McDowell doesn’t consider herself a jock, since hockey’s the only sport that really interests her. Her other passion is art.

Excited by a glassmaking class at the University of Toledo about fifteen years ago, she began taking more classes and workshops and turned the garage in her east-side home into a studio. Cutting colored glass and fusing the pieces together in a high-temperature kiln, she creates panels, plates, suncatchers, and other objects. She’s had exhibits in Ann Arbor and elsewhere, won a couple of prizes, and sells her work online and at craft fairs. Recently she’s been working in other media as well, including fiber.

She says her hockey friends aren’t necessarily aware that she’s a working artist. But her art friends knew, since she’d often miss openings or receptions because “I was coaching a girls’ team in Kalkaska that weekend, or with the U-M club team in Chicago.”
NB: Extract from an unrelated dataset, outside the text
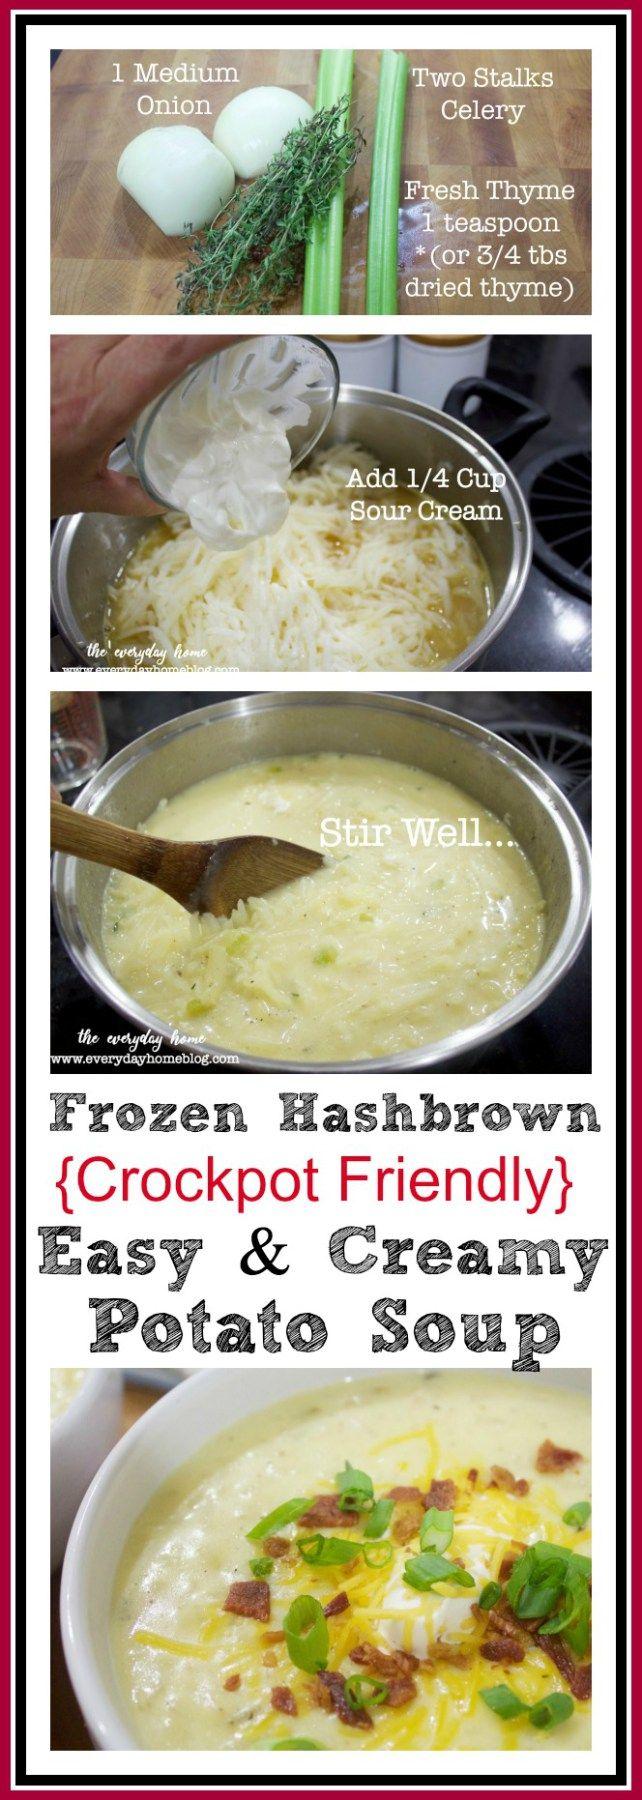 Frozen Hashbrowns Potato Soup | The Everyday Home | www.everydayhomeblog.com #crockpotrecipe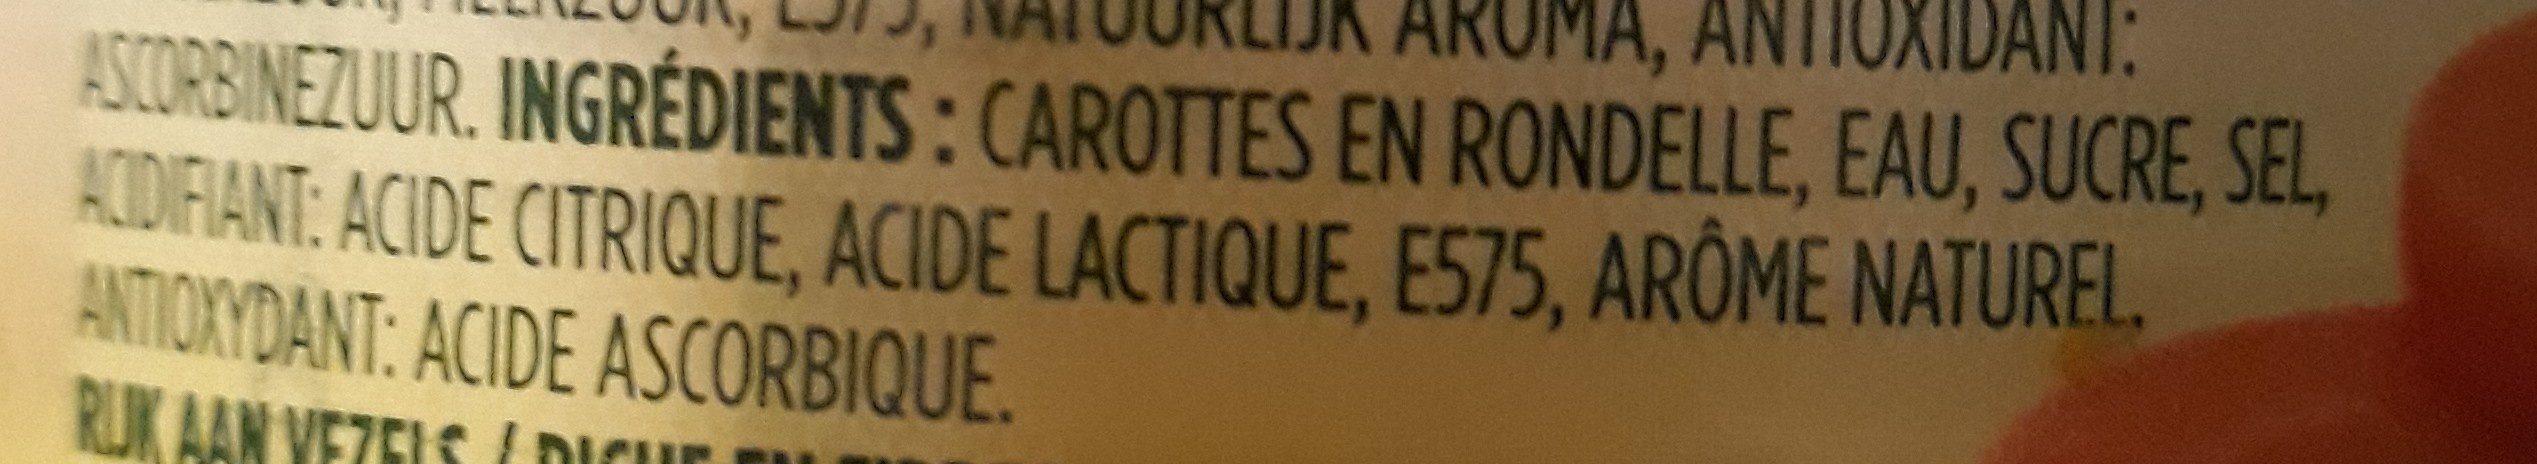 carottes rondelles - Ingrédients - fr

Late on a December afternoon, McDowell meets a photographer at Vets Ice Arena. Despite her hip, at one point she hoists herself atop the barrier bordering the ice. Afterward, she chats with Pioneer High girls’ hockey coach Lea Arend, who played on her AAAHA girls’ team more than twenty years ago.

“We were always told to keep a positive attitude,” Arend recalls. But when she praises McDowell’s patience as a coach, McDowell rolls her eyes.

Gesturing towards a group of young girls with hockey sticks huddled nearby, she says, “Ask them. They were the last team I coached!”

I call out, “Was Sue easy to play for?” Someone shouts back. “Yeah, except when she gets mad and yells!”

McDowell misses skating so much that on a couple of occasions she has strapped on her skates and had her husband steady her as they glide together slowly.

“That makes no sense,” she says. But some men Steve coaches, she points out, have resumed playing after hip replacement, “and one guy has had both knees done.” She’s hoping she’ll soon be back on the ice, too.